No single nutrient does more to purify our bodies and prevent diseases than fiber. As important as fiber is, it remains largely misunderstood. Here’s some of the most common fiber facts and fallacies.
Fallacy: I get plenty of fiber, I have a salad everyday.
Fact: Salads are great sources of produce. We all should be focusing on getting plenty of produce from a variety of sources. Having said that, salads as typically made rarely provide more than a few grams of fiber. Most provide high amounts of saturated fats in the dressing and cheese and trans-fatty acids in the croutons. To order a healthy salad, hold the cheese and croutons, get vinaigrette on the side and add some beans.
Fallacy: I can’t eat high fiber foods like beans, they give me gas and bloating.
Fact: This definitely can happen initially. What is going on is that the fiber stimulates growth of specific strains of good bacteria. If you have too few of them, they kill off bad organisms in your intestines. This killing off process releases gas. When it comes to adding fiber, take it slowly. Even just add a tablespoon or two of beans to your food each day for a few weeks. Soon you’ll be able to thrive on high fiber foods without chasing away those around you!
Fallacy: I’m trying to lose weight so I’m staying away from grains.
Fact: While most of us get too much processed carbohydrates in our diets, numerous studies show that those who eat the most high fiber whole grains are the leanest. If weight loss is a goal, you still need grains but in the right amounts. Consume roughly 1/2 of a cup of brown rice, bulgar wheat, quinoa, barley or oatmeal with each meal.

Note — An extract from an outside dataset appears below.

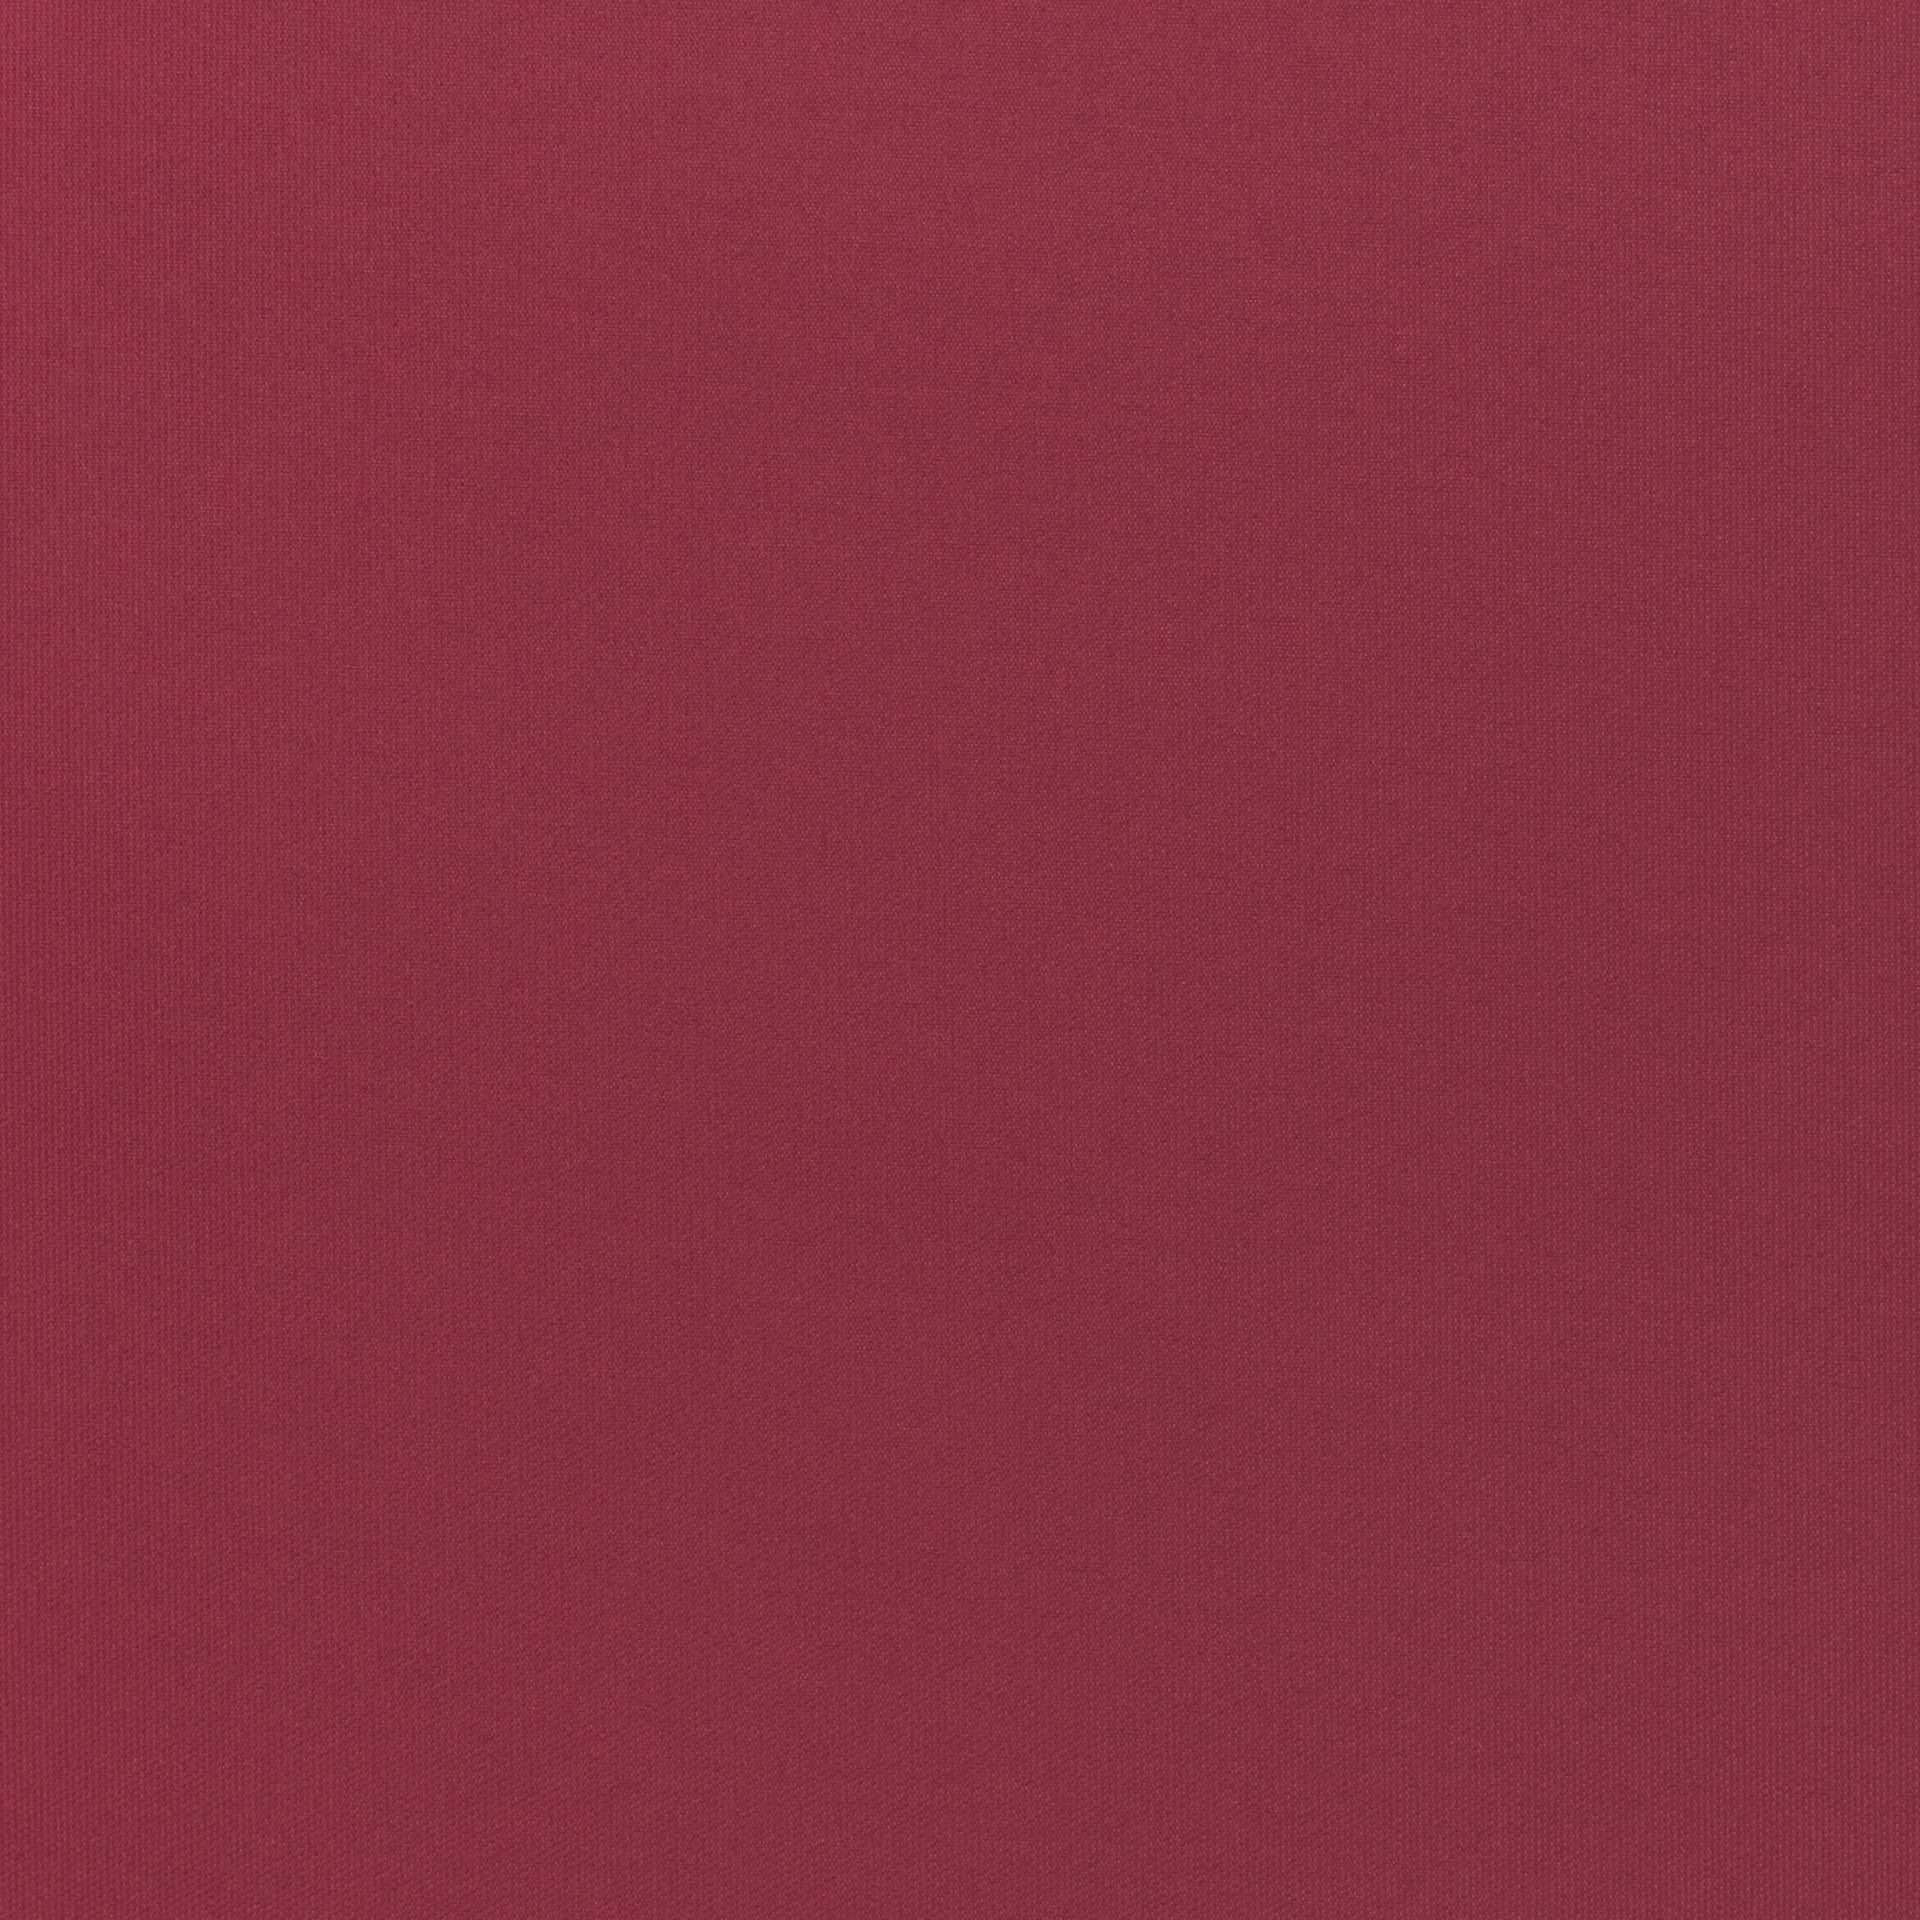 Tenda a rullo oscurante INSPIRE Tokyo rosso 140 x 160 cm - 4

Fallacy: High fiber foods taste bad!
Fact: Flavors in foods are carried by volatile aromatic compounds. These compounds are at their highest concentration in the germ of the grain. Think of a grain like an egg. The shell is the husk, the starch is the white and the germ is the yolk. Refined grains are just the starch, the complex flavors and aromas are lost in the refining process. Pick up a pound of organic basmati brown rice and a pound of plain white rice. Cook the white rice and notice the lack of aroma in the kitchen. Then try the basmati, the whole kitchen will smell like hot buttered popcorn. By the way, popcorn is also a whole grain!